Mainstream culture has always borrowed from subcultures.
This isn't new. Punk got commodified, grunge got commercialised, hip-hop aesthetics have forever been appropriated. Every alternative movement eventually gets absorbed and sold back as a sanitised version of itself.
But the speed has accelerated. It used to take years for subcultural aesthetics to make it to the mainstream. Now it happens in months, sometimes weeks. TikTok identifies a trend. Brands capitalise immediately. Celebrities adopt it. And suddenly what was underground last season is fkn everywhere.
The media keeps chasing alternative because alternative signals authenticity in an increasingly manufactured world. Being a weirdo genuinely feels impossible when conformity is algorithmically enforced.
So people and brands reach for alternative aesthetics as a shortcut to seeming authentic, and interesting and soooo not like other girls/boys. All without realising that mass adoption of alternative literally defeats the entire purpose.
When you were actually part of these subcultures, when you got sh*t for wearing too much eyeliner, when you were the weird kid listening to screamo, when your aesthetic choices came with social consequences, watching it become a trend feels like theft.
I didn’t “choose alternative” because it was cool. I liked it because I didn't fit anywhere else. Because the music spoke to something the mainstream couldn't touch. And through it I found my people, in spaces that weren't designed for mass consumption.
And now those aesthetics are everywhere, worn by people who have never experienced any of the context that created them.
The visual markers remain, but the meaning evaporates. Alternative without the alternative.

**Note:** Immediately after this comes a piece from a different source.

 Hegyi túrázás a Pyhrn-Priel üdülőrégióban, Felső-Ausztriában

Because these subcultures aren’t actually really about how you look. They’re about finding community when mainstream culture rejects you. Creating spaces where being different was okay, where your weirdness was celebrated instead of punished.

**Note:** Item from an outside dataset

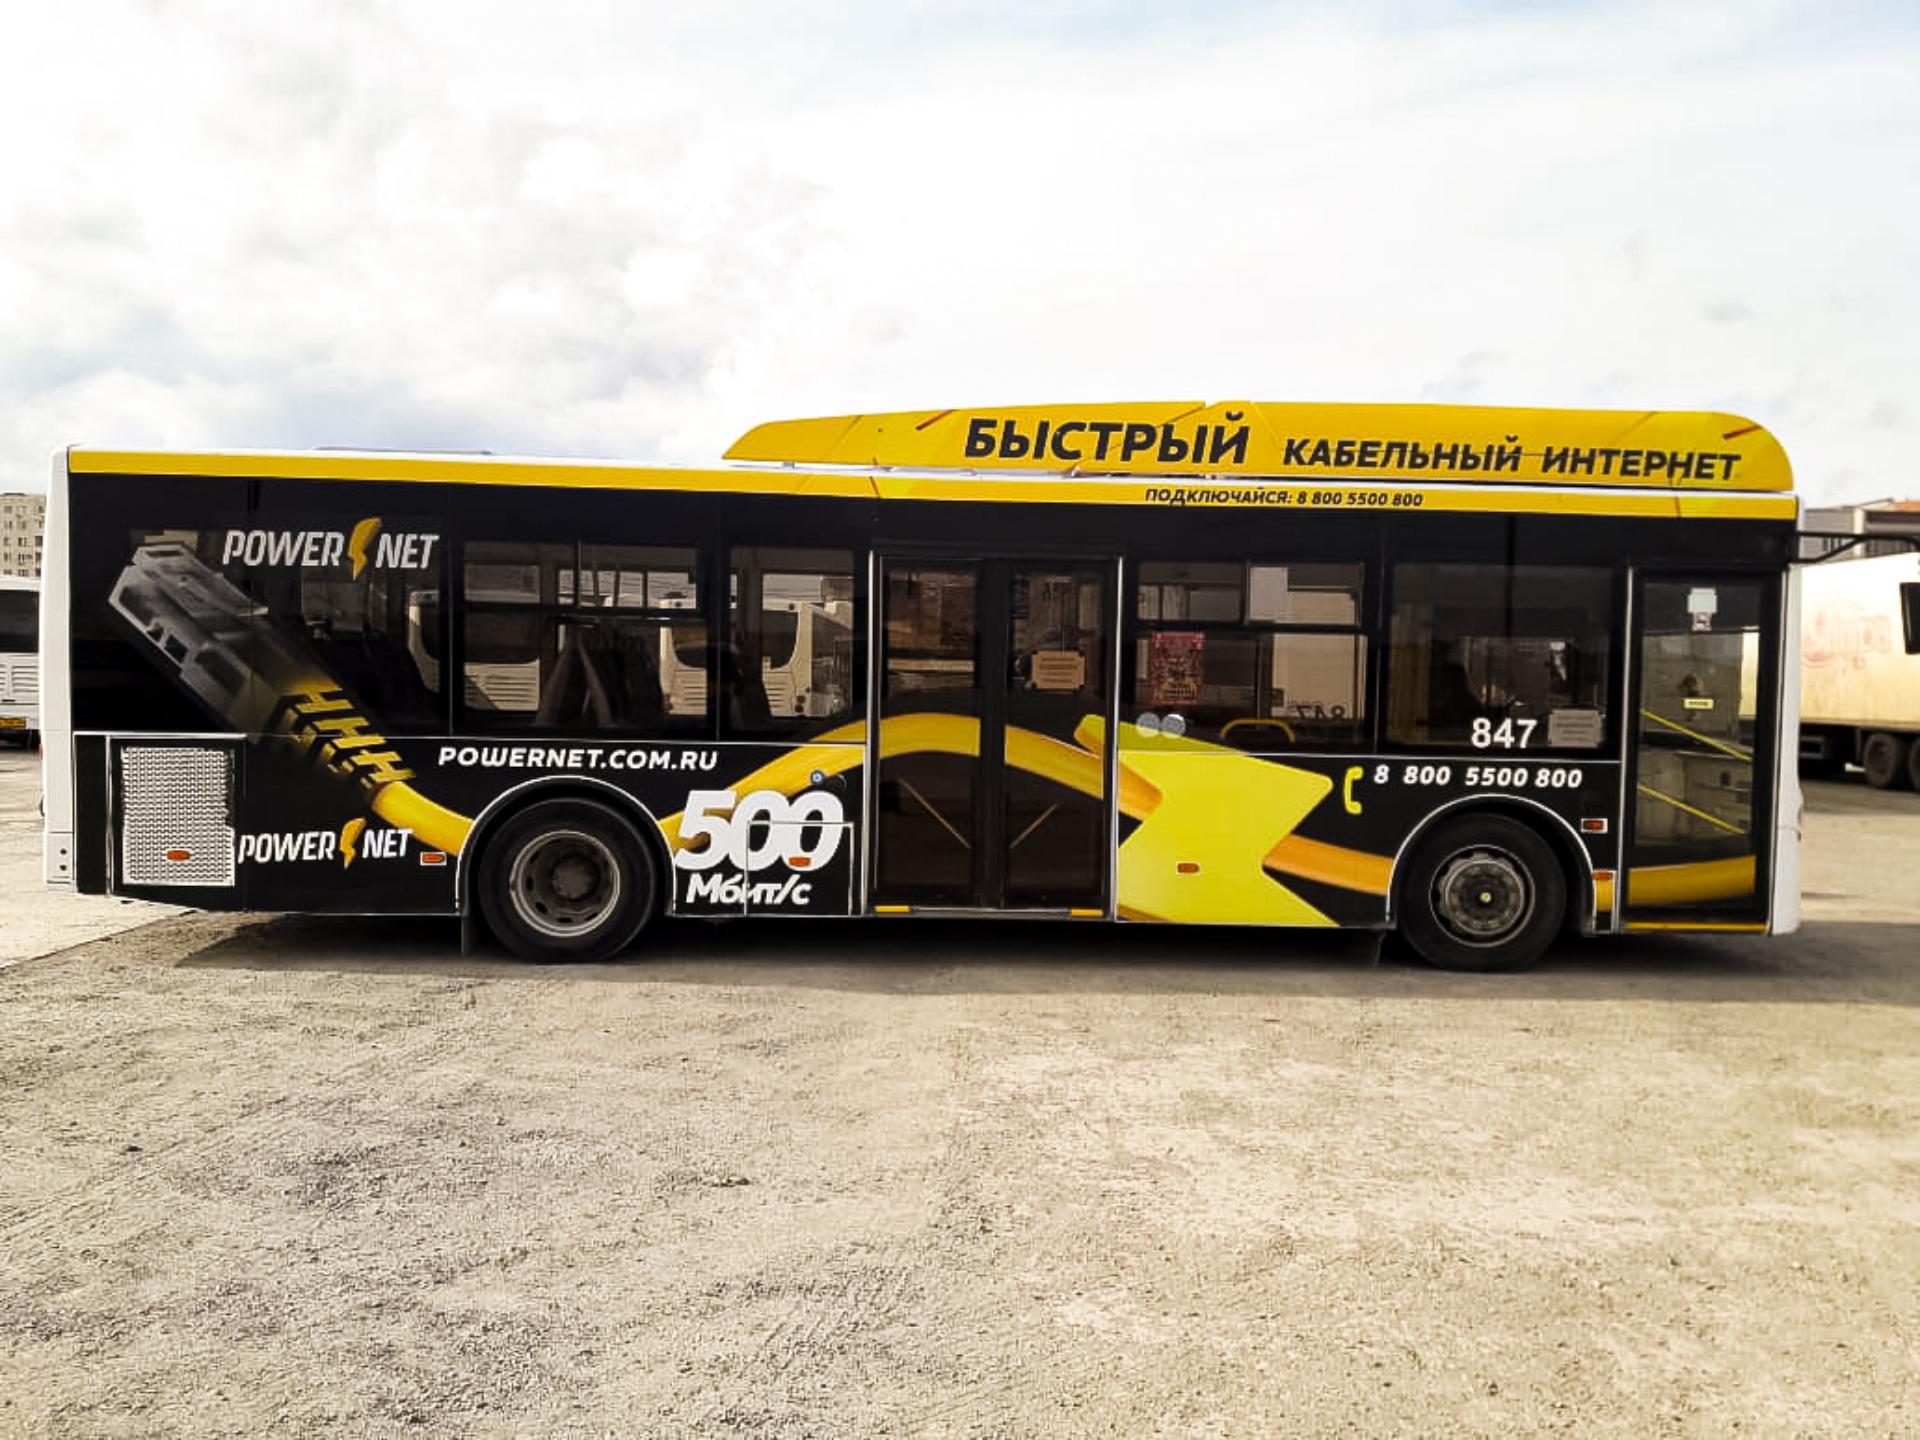 Реклама на автобусе для PowerNet

When alternative becomes just another aesthetic to cycle through, that community aspect disappears. You get the surface-level signifiers without any of the deeper connection or shared experience that made those subcultures matter.
Sarah Thornton's subcultural capital required participation. You had to be part of the scene to earn the credibility. Now you just need a Pinterest board and a Depop account.
The cycle will continue. Alternative aesthetics will keep getting borrowed, flattened, commercialised, and discarded for the next trend.
That's how mainstream culture works.
But for those of us who were actually there, who lived these subcultures before they became hashtags, there's something exhausting about watching your identity become content. About seeing the aesthetics you got bullied for become cool once the context is stripped away.
Everybody wants to be alternative until it's time to actually be alternative. Until it costs something.